1.What is the cardinality of A?

2.How many numbers in A give 2 as the remained of division by 3.

Homework Equations


The Attempt at a Solution



1. My thinking was like this

How many multiples of 3 are from 1 to 6000. Well 6000/3 = 2000. How many multiples of 7? Well 6000/7 = 857. How many multiples of 7 are also multiples of 3? I would say 2000 / 7 = 285 that is in that 2000 multiples of 3 , 285 multiples are multiples of 7 aswell. That gives

+2000 multiples of 3
+857 multiples of 7 -285 multiples of 7 that are multiples of 3 aswell

that gives a total of 2572 numbers

now to put !divison by 105 into picture. Soo they must not be multiples of 105. We just substract multiples of 105, right? that is 2572 / 105 = 24, that is

the cardinality of A is 2572 - 24 = 2548.

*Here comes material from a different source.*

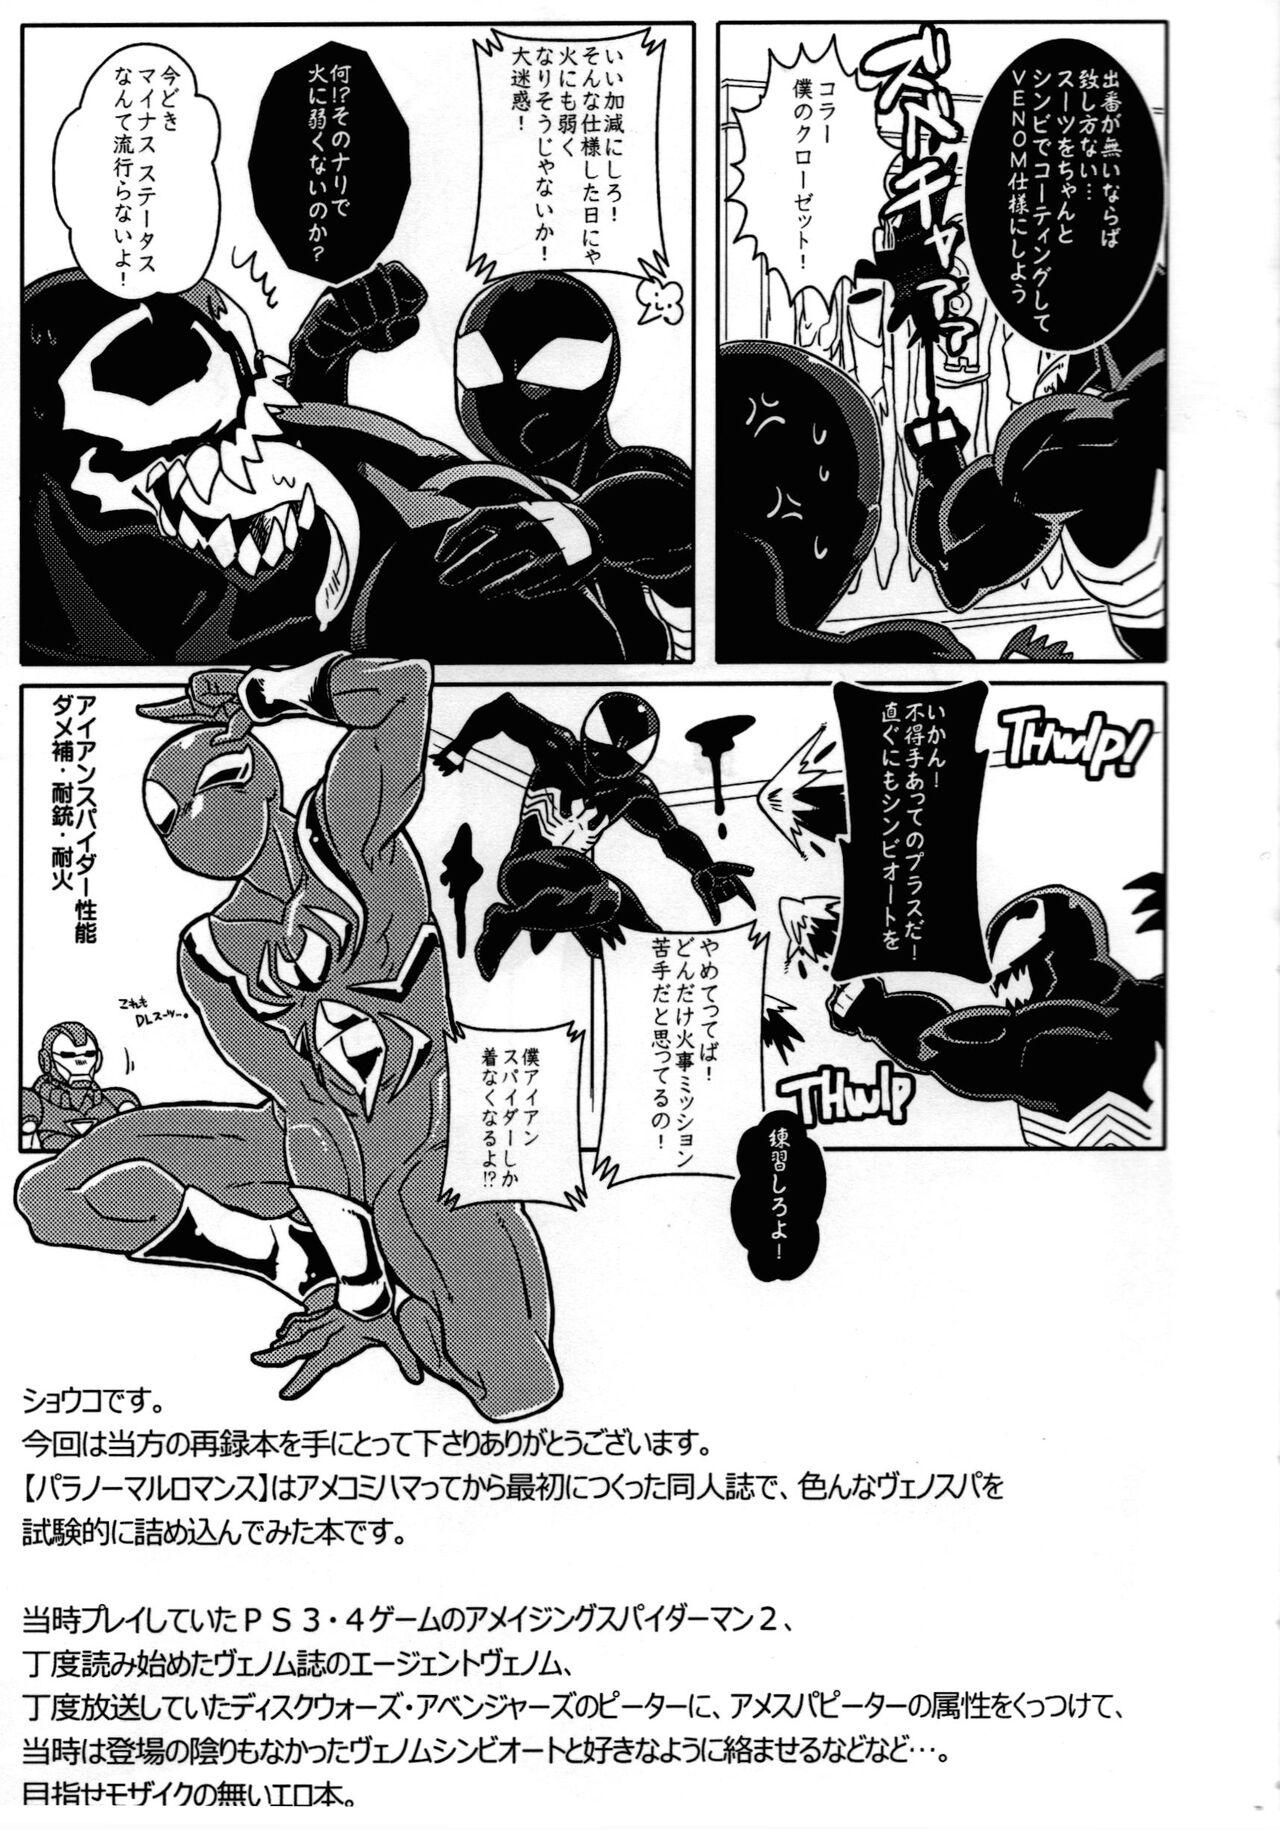 Titties Spider‐Man REMIX - Spider man Tit - Page 7

Is any of the above correct or even close to a solution?

Now for the second part my thinking is like this, what do we have in those 2548 numbers, well we have something like this multiples of 3 and 7 but not 105. Now multiples of 3 will ofcorse not give the proper remainder, now for 7,

7 // remainders 3*2 + 1 rem 1
14 // rem 2
21 // 0
28 // 1
35 // 2
42 // 0
49 // 1
56 // 2
63 // 0

Now I noticed a pattern that multiples of 7 that give remainder 2 have a pattern, meanin starting from 2nd multiple which gives 2 as a remainder then every 2*k + 1 multiple gives 2 as the remainder. Meaning if I take 3 successive multiples of 7 one of them is guarantted to give 2 as the remainder. Meaning if there are 572 multiples of 7 (not multiples of 3) then there are 572 / 3 = 190 that will give 2 as the remainer.

Any good? At least close?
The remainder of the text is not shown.